Noob question - Input text file? #1101

BrainstormerPrime · 2022-01-13T08:13:20Z

BrainstormerPrime
Jan 13, 2022

I hope this is a good place to ask this, and maybe some other noobies might also not be able to figure this out as well.

I just installed TTS from PyPI using "PIP install TTS" and doing some tests from the terminal interface, but I cannot figure out how to feed the text file I want it to read. I can get to read a short piece of inline text, but it doesn't seem able to take an input text file as an argument? It just reads the name of the text file I give it. I can't find anywhere in the documentation that describes how to do this.

or is there some other UI other than the terminal interface that I should be trying? There has to be a way other that typing out the text to be spoken in it's entirety when invoking the TTS command from CMD.

Thanks,

Akash7789 · 2022-01-14T10:15:00Z

Akash7789
Jan 14, 2022

If it is reading the name of the text file. Then you are already giving it your file name as input. You may change a little bit of code to instruct it to take your text file as input. And there may be a gui (local server) present.

3 replies

BrainstormerPrime Jan 14, 2022
Author

I understand it's just reading my file name. I just can't find any command syntax that will use the file contents instead. I've looked up CMD syntax to see if I can redirect the file input, or writing a batch file that invokes TTS and passes the file as an argument, but I haven't had much luck yet. I'm using windows, so a lot of the instructions about BASH or Ubuntu forums doesn't help.

I'd love to "change a little bit of code" so it could take a file input. If you know where in the python code that could be done, that would be great. I've no idea where to begin looking for that. Digging through .py files, lots of error message dialogs, try-catch kind of stuff, and checks... the model and basic instructions are in there somewhere, I'm sure.

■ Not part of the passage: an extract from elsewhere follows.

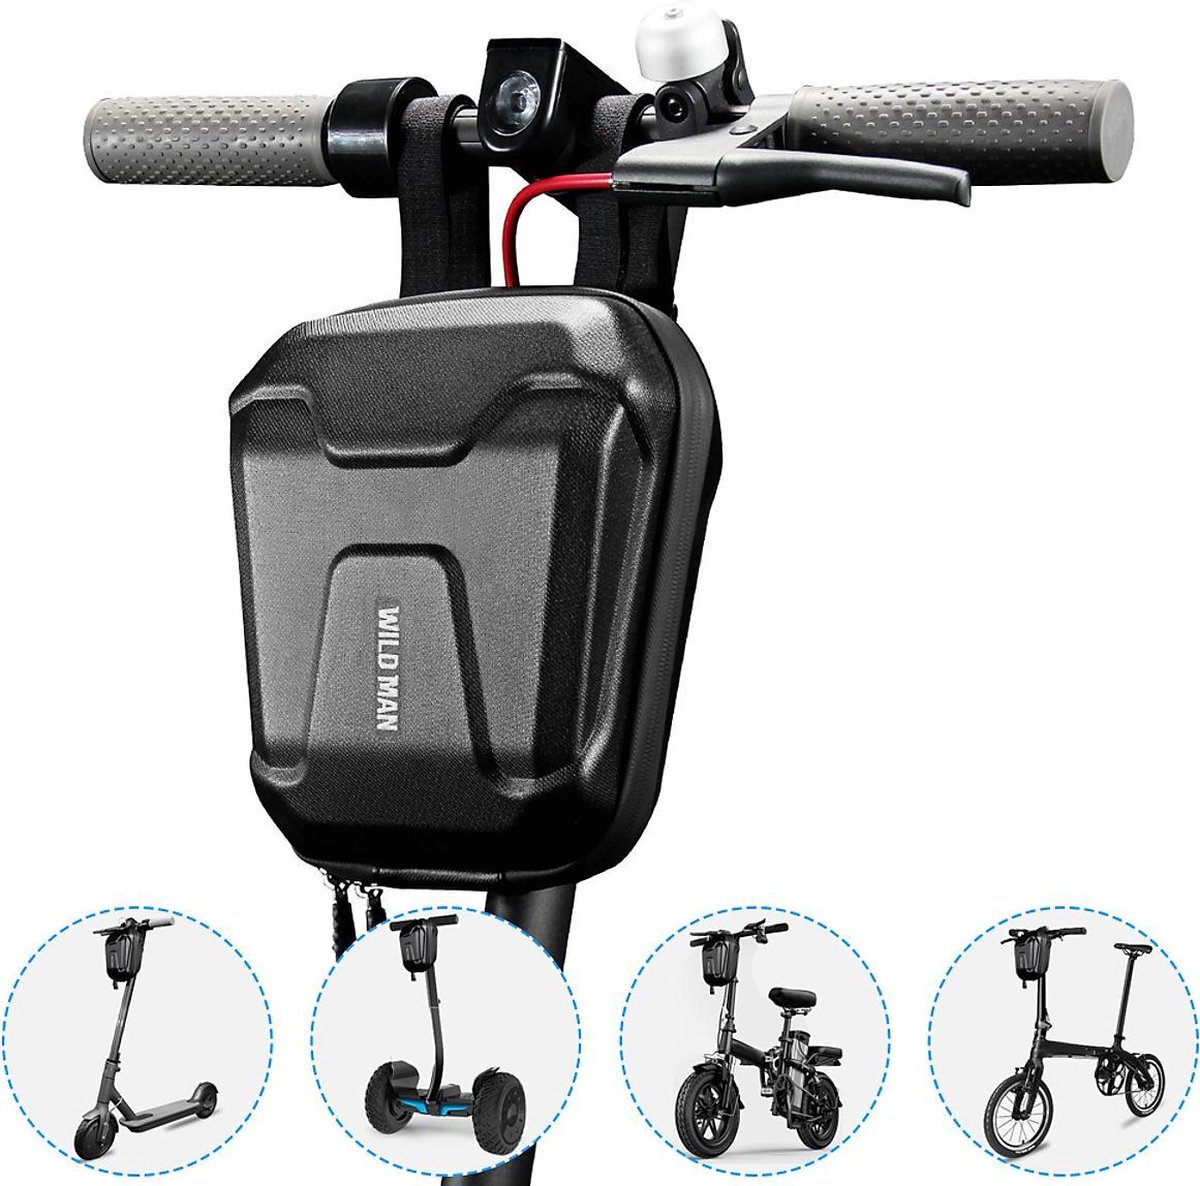 2.5L Tas elektrische step, extra sterke stuurtas, elektrische scooter, fiets, vouwfiets, mountainbike, Segway etc, waterdicht

It just seems like a huge oversight. not taking a file as an input seems as basic as saving a file as output. If the script just read the text aloud and didn't save it, and you had to redirect the audio output to Audacity to record it or something, that would obviously not be a workable interface. It just seems like taking a file as input is equally as required for it to be really functional.

Akash7789 Jan 15, 2022

Do you just want to give it a text file as input or want to it set up for custom training ?

BrainstormerPrime Jan 16, 2022
Author

I did download the voice data set, though I'm just starting, so I don't think I'll be really capable of building and training my own models for a while yet.

It just seems like it should be able to take a file for input. Text-to-speech would seem like .TXT -> .WAV would be the natural way to do it. Using the CLI for large amounts of text, like a full audio book or scrip (especially since having return characters breaks it) without that is really user unfriendly.

notklaatu · 2022-01-24T07:46:46Z

notklaatu
Jan 24, 2022

I'm also interested in this.

For example, I want to synthesize the phrase "hello world".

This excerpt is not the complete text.